2. Repeat to create **vnet-spoke14**:
   - **Address space**: `10.71.0.0/16` (non-overlapping)
   - **Subnets**: `subnet-spoke` with `10.71.1.0/24`
   - **Create**.

## Part 2 – Create VNet peering (both directions)

1. Go to **vnet-hub14** > **Peerings** (under **Settings**) > **+ Add**.
2. **Add peering**:
   - **Peering link name**: `hub-to-spoke`
   - **Remote virtual network**:
     - **Select by ID** > choose `vnet-spoke14`
   - **Allow access between VNets**: **Checked**
   - **Add**.

3. Go to **vnet-spoke14** > **Peerings** > **+ Add**.
4. **Add peering**:
   - **Peering link name**: `spoke-to-hub`
   - **Remote virtual network**: select `vnet-hub14`
   - **Allow access between VNets**: **Checked**
   - **Add**.

Both peerings should now show **Connected** status.
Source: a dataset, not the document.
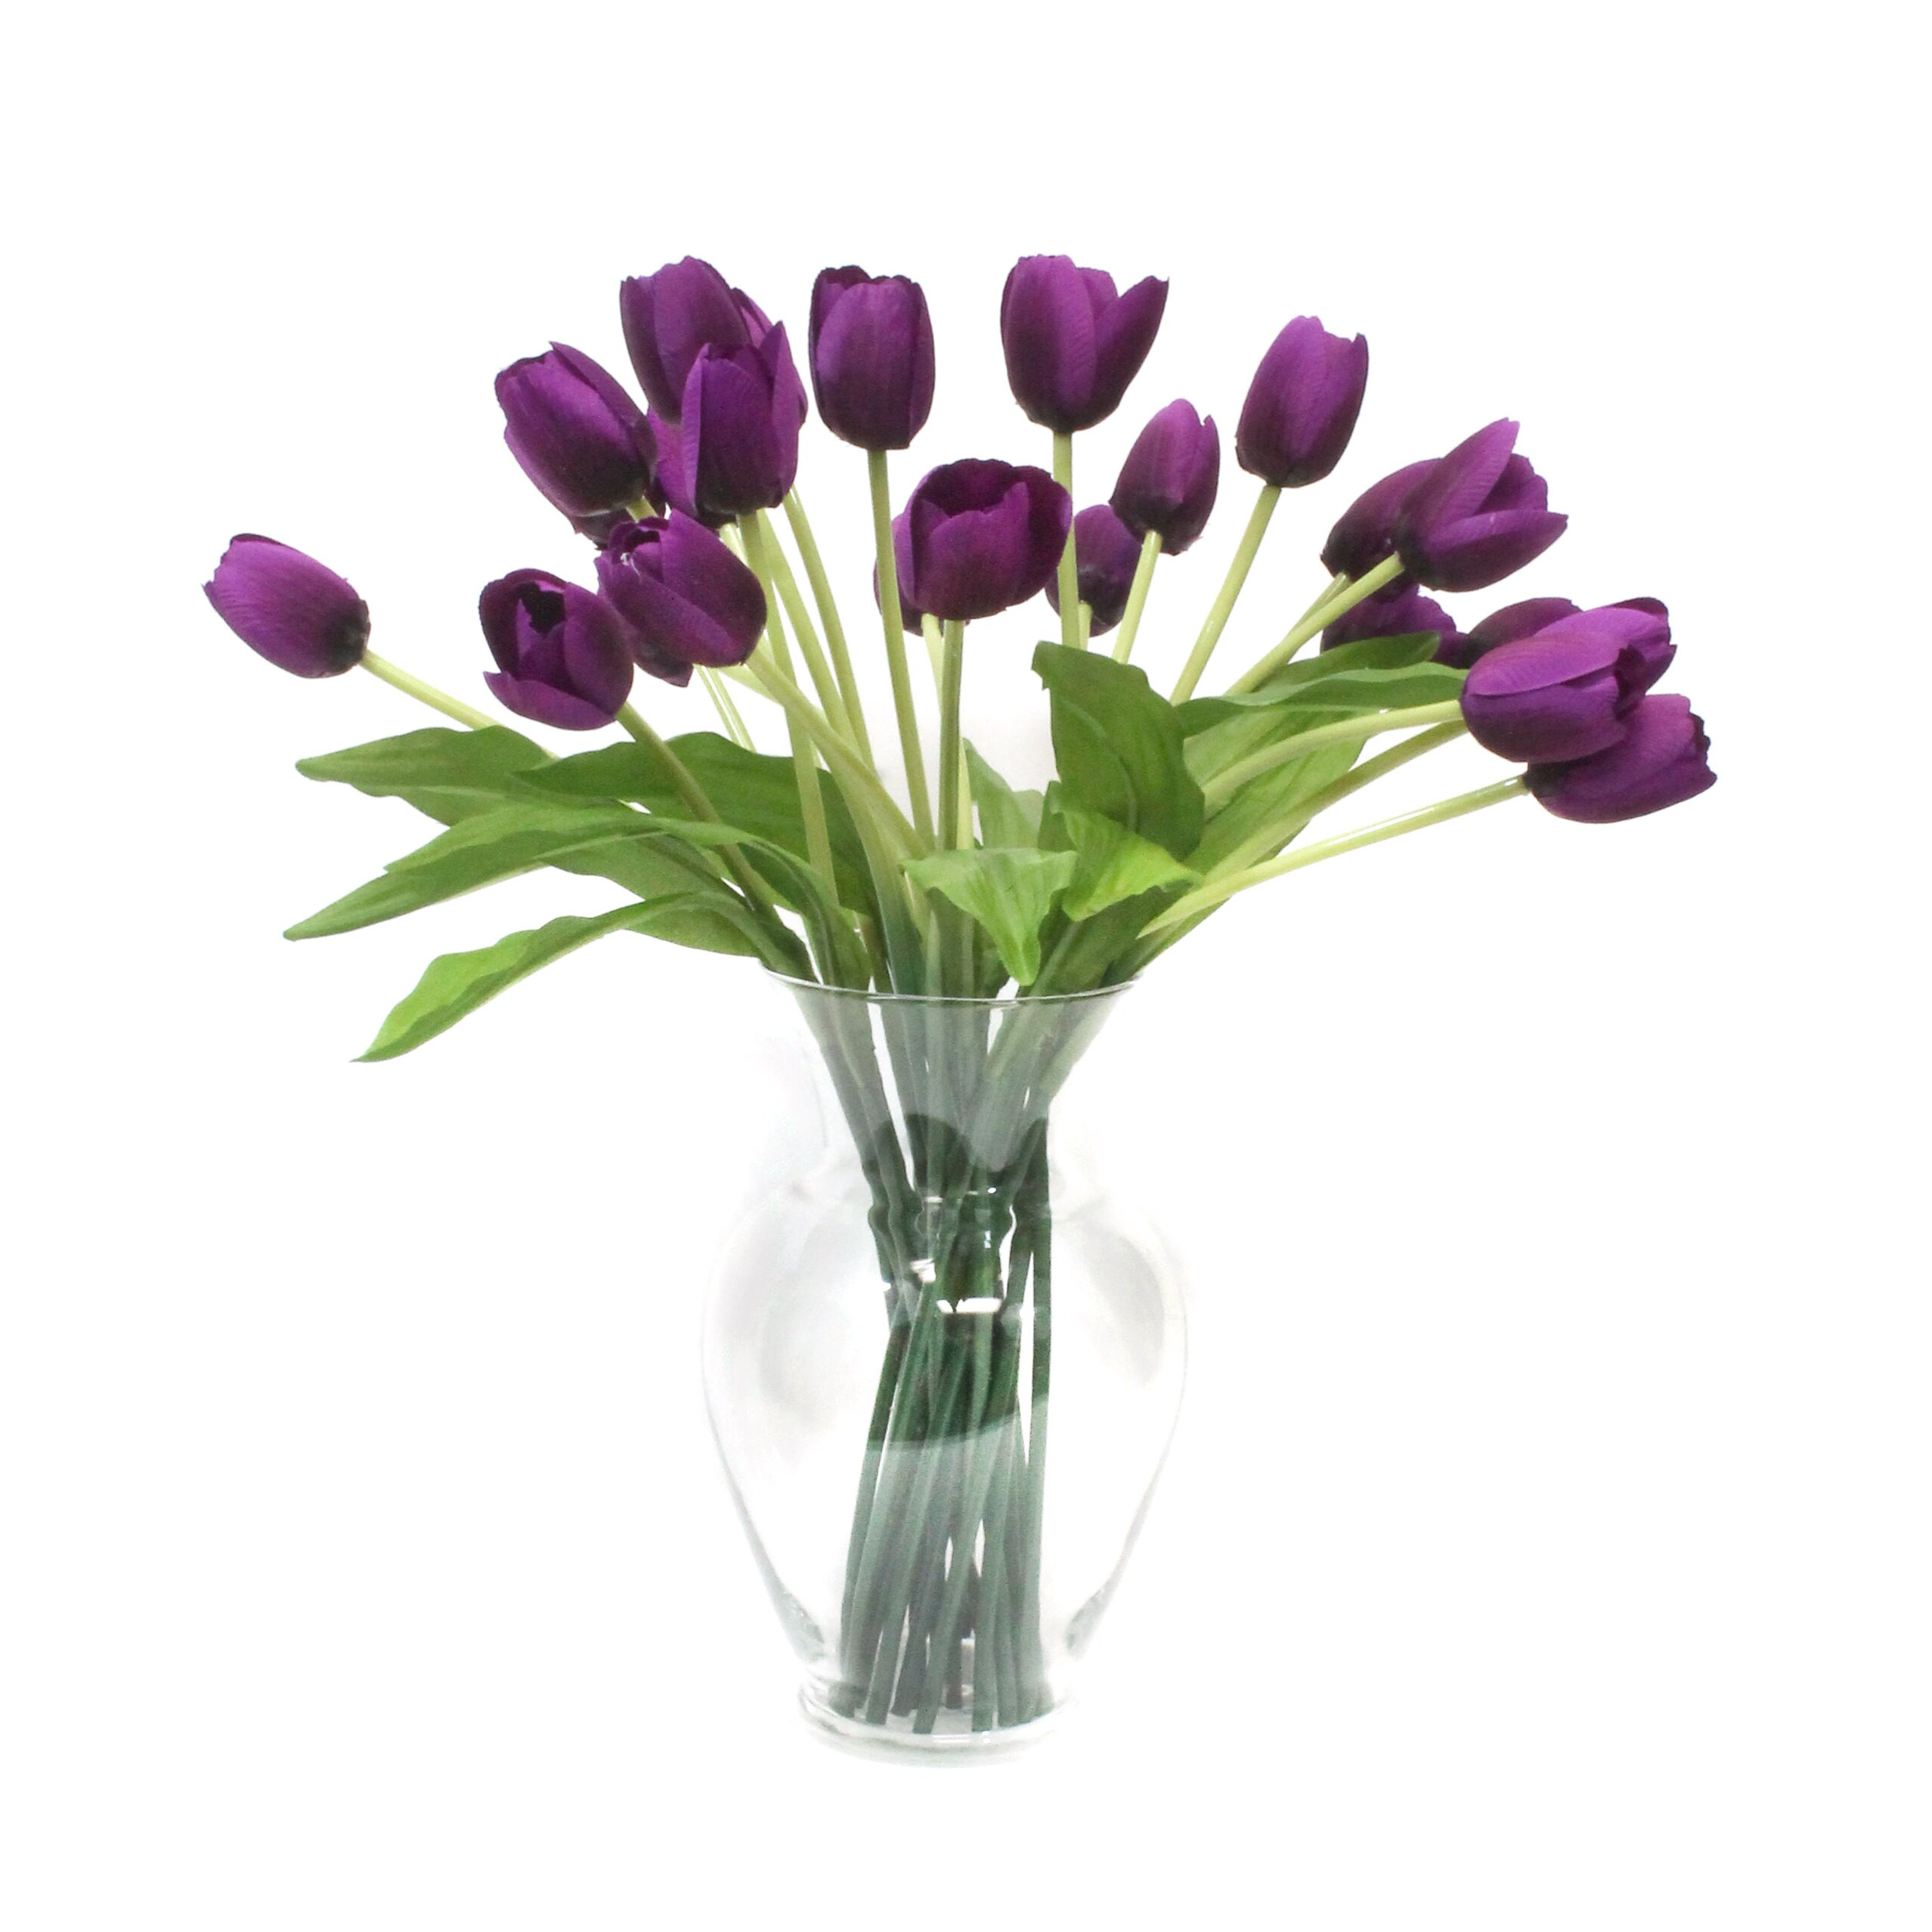 Dalmarko Designs Tulips In Glass Vase Amp Reviews Wayfair

## Part 3 – Test connectivity

1. Create two VMs:
   - **Virtual machines** > **Create** > `vm-hub`, **Ubuntu 22.04 LTS**,
     `vnet-hub14`/`subnet-hub` with a **public IP**. **Create**.
   - Create `vm-spoke`, **Ubuntu 22.04 LTS**, `vnet-spoke14`/`subnet-spoke**
     with **No public IP**. **Create**.

2. SSH into `vm-hub` using its public IP, then ping/SSH to `vm-spoke`'s private IP
   (e.g., `10.71.1.x`) — should succeed over the peering connection (private
   IPs, no public exposure needed).

## Part 4 – Peering options: gateway transit & forwarded traffic

1. Go to **hub-to-spoke** peering > **Edit peering**:
   - **Allow forwarded traffic**: **Checked** (lets traffic NOT originating in
     the peered VNet pass through — needed for NVAs/firewalls)
   - **Save**.

2. Discuss (no need to configure now): **Allow gateway transit** lets the spoke
   use the hub's VPN/ExpressRoute gateway (hub-spoke topology) — set on the hub
   side; spoke side sets **Use remote gateways**.
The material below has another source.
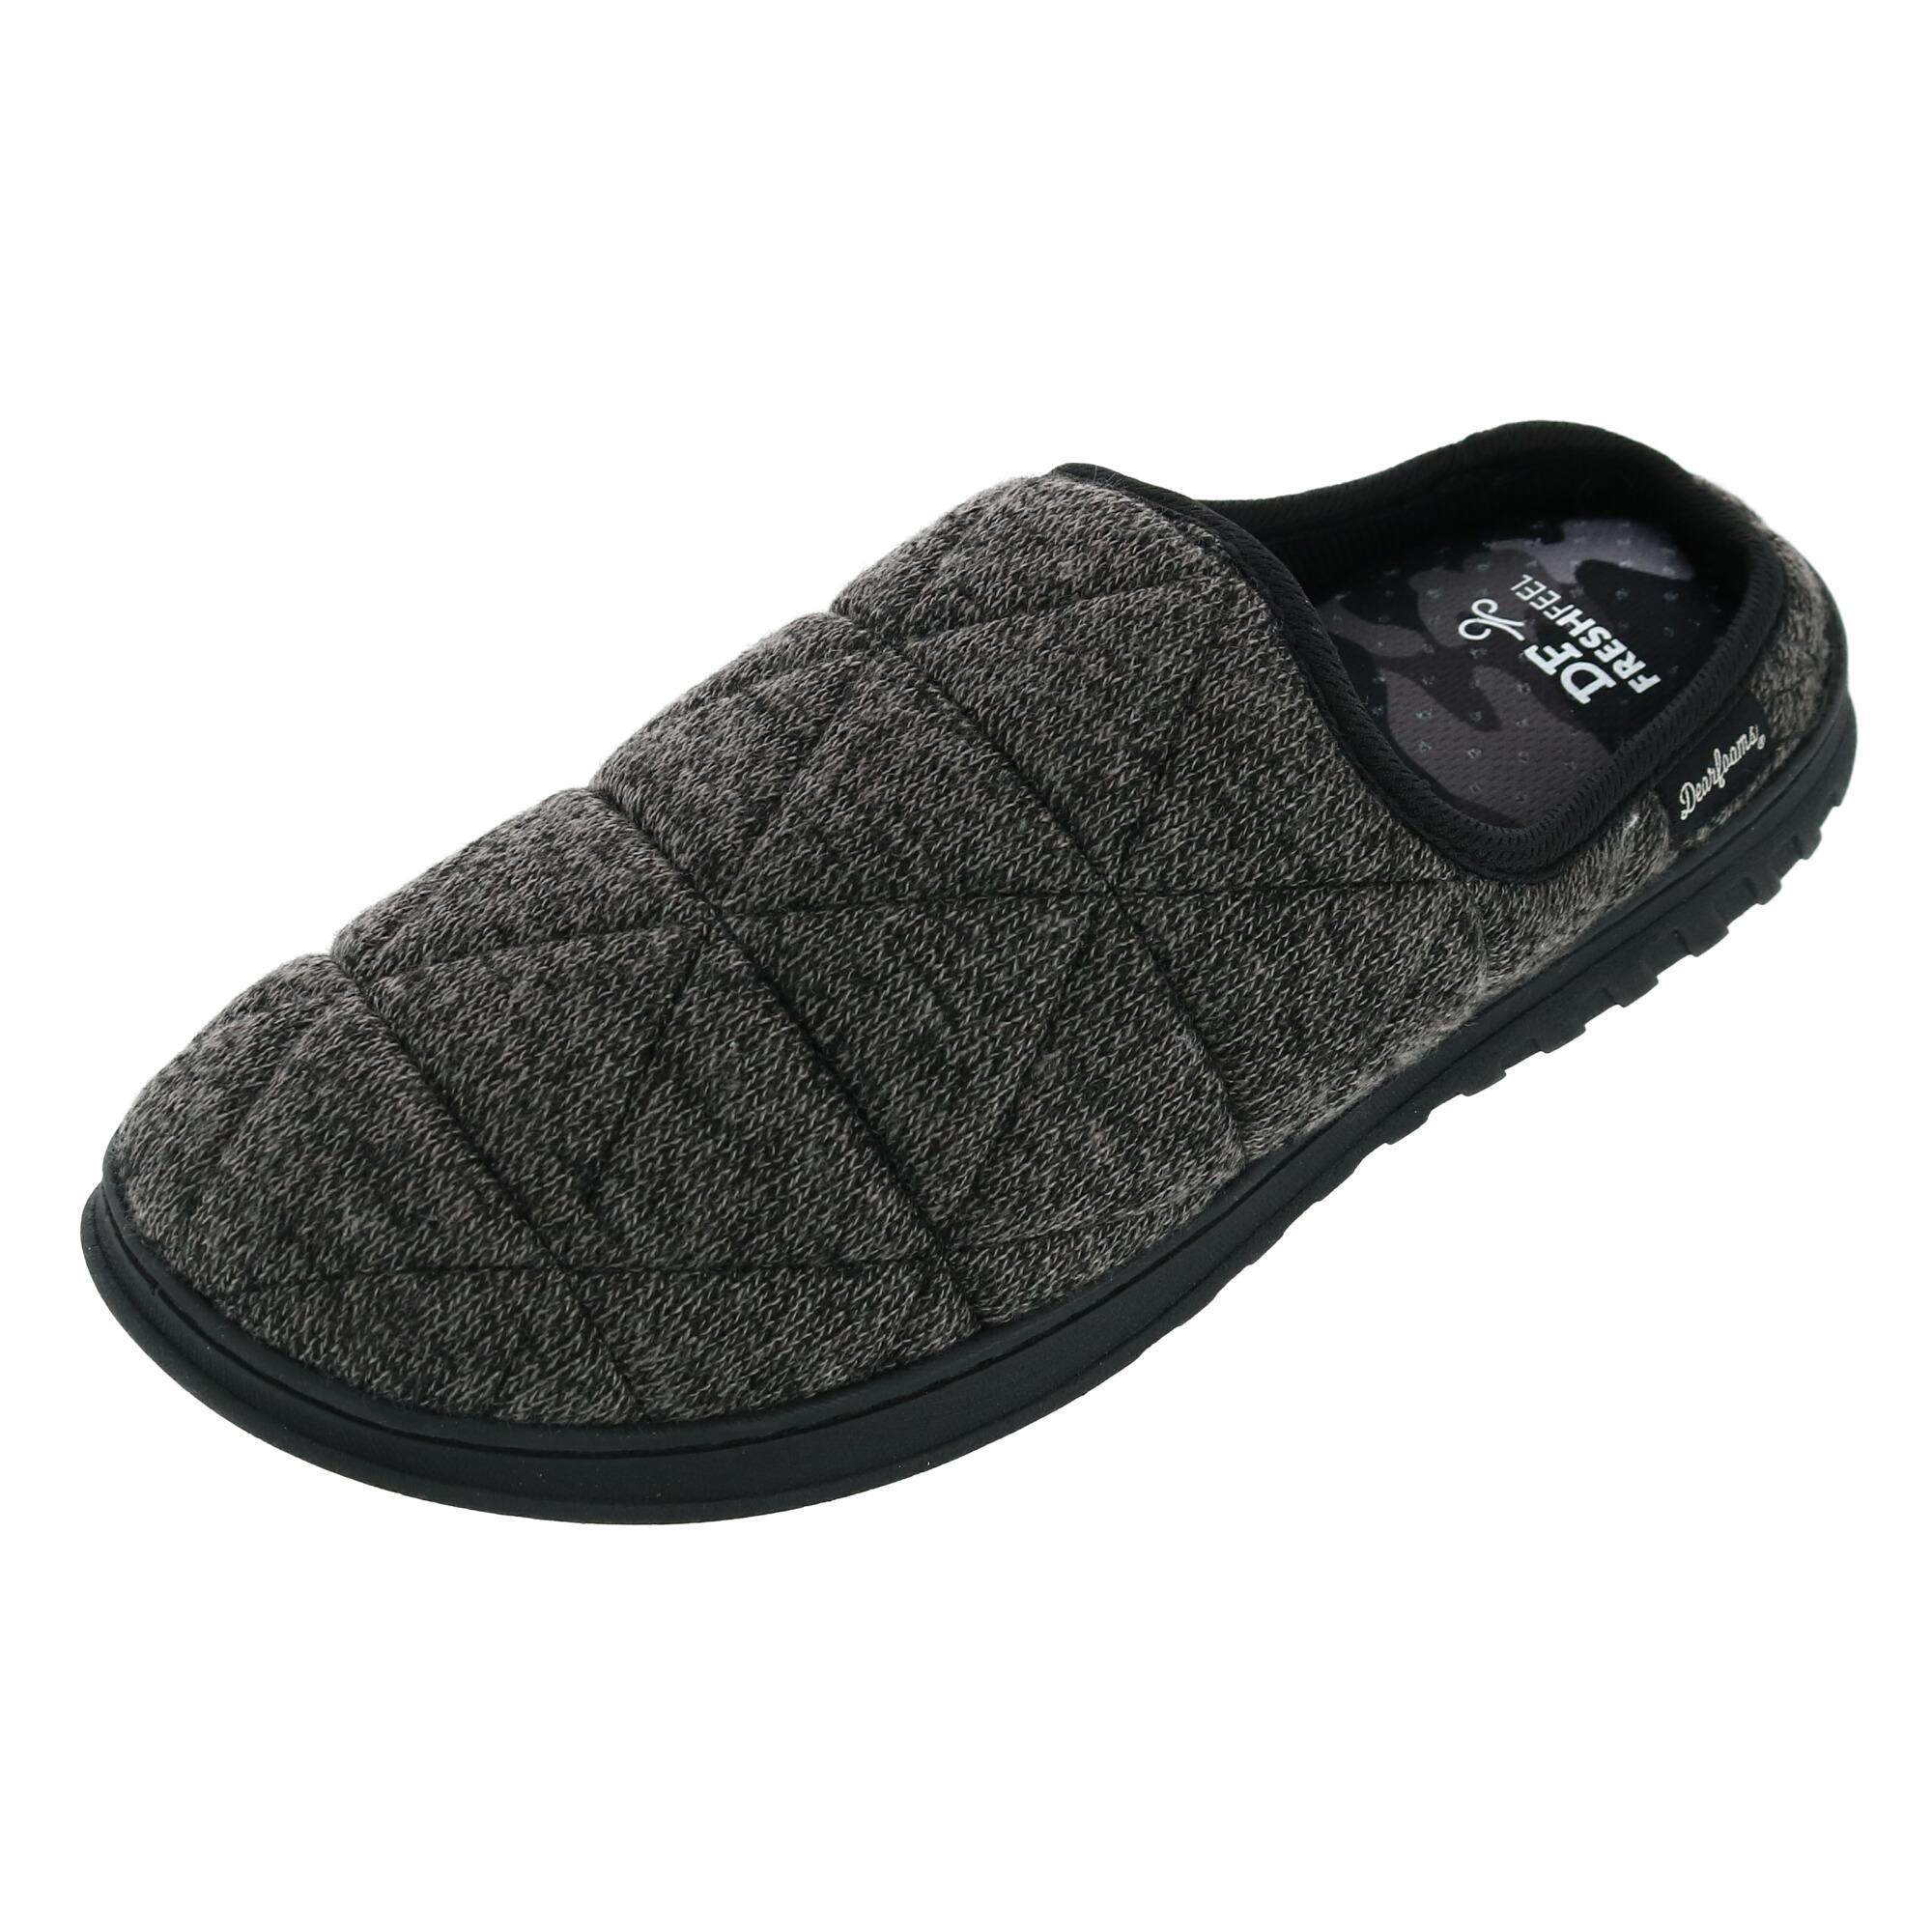 Fanture Men's Memory Foam Slipper Slip On Clog Moccasin Suede RRP $40

> Note: VNet peering is **not transitive** — if spoke A peers with hub, and hub
> peers with spoke B, A cannot reach B unless explicitly peered (or via gateway
> transit + an NVA).

## Part 5 – (Optional) Site-to-Site VPN Gateway

This part provisions a real gateway — **expensive and slow (~30 min)**. Only
do this if you want hands-on VPN experience; otherwise read through for concepts.
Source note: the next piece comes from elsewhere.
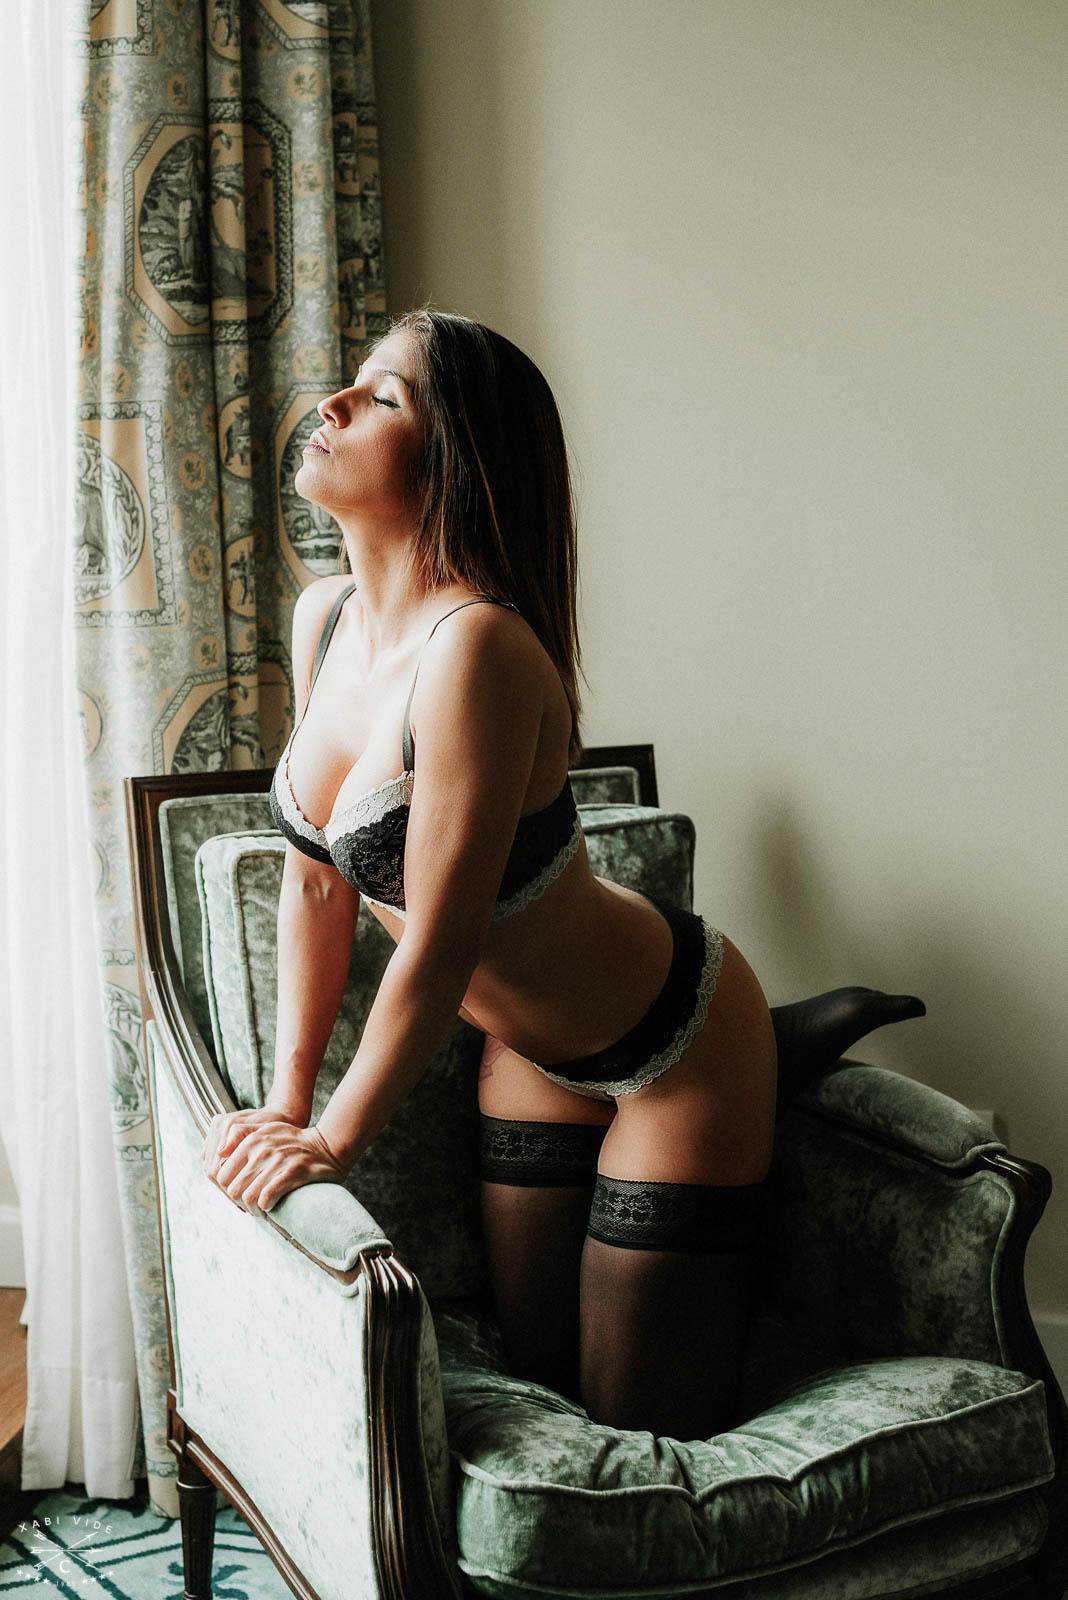 fotografía boudoir-22

1. Go to **vnet-hub14** > **Subnets** > **+ Subnet**. Create:
   - **Name**: `GatewaySubnet` (reserved name)
   - **Address range**: `10.70.255.0/27`
   - **Add**.

2. Search for **Virtual network gateways** > **Create**.
   - **Name**: `vpngw-lab14`
   - **Region**: `East US`
   - **Gateway type**: **VPN**
   - **VPN type**: **Route-based**
   - **Virtual network**: `vnet-hub14`
   - **Gateway subnet**: `GatewaySubnet`
   - **Public IP**: **Create new** (e.g., `pip-vpngw`)
   - **SKU**: **VpnGw1**
   - **Create** (provisioning takes ~30 minutes).

3. While it's provisioning, go to **Local network gateways** > **Create** to
   represent the on-prem side:
   - **Name**: `lng-onprem`
   - **Endpoint**: **IP address**
   - **IP address**: `203.0.113.1` (a placeholder on-prem public IP)
   - **Address space**: `192.168.1.0/24` (a placeholder on-prem network)
   - **Create**.

4. Once the VPN gateway finishes provisioning, go to **vpngw-lab14** >
   **Connections** > **+ Add** to create a **Site-to-Site (IPSec)** connection:
   - **Name**: `conn-onprem`
   - **Connection type**: **Site-to-Site (IPSec)**
   - **Local network gateway**: `lng-onprem`
   - **Shared key**: `P@ssw0rd123!` (used for IPSec negotiation)
   - **Create**.

## Validation
- [ ] Both peerings (`hub-to-spoke` and `spoke-to-hub`) show **Connected** status
- [ ] `vm-hub` can reach `vm-spoke`'s private IP across the peering
- [ ] Can explain gateway transit vs forwarded traffic vs non-transitive peering
- [ ] (If completed) VPN gateway provisioned and connection created

## Cleanup
1. **Resource groups** > select `rg-az104-lab14` > **Delete resource group**.
   > If you deployed the VPN gateway, deletion can take 10-15+ minutes — that's normal.

## Exam Tips
- VNet Peering is **low-latency, private-backbone** connectivity between VNets — can span regions (global peering) and subscriptions/tenants.
- Peering is **not transitive** — a common exam trap. Hub-spoke transitive routing needs gateway transit + NVA/route tables, or Azure Virtual WAN.
- VPN Gateway SKUs (VpnGw1-5) determine throughput/tunnel counts; **Policy-based** vs **Route-based** VPN types — route-based is more flexible and required for most scenarios (P2S, multiple connections).
- `GatewaySubnet` is a reserved name and must not have an NSG attached.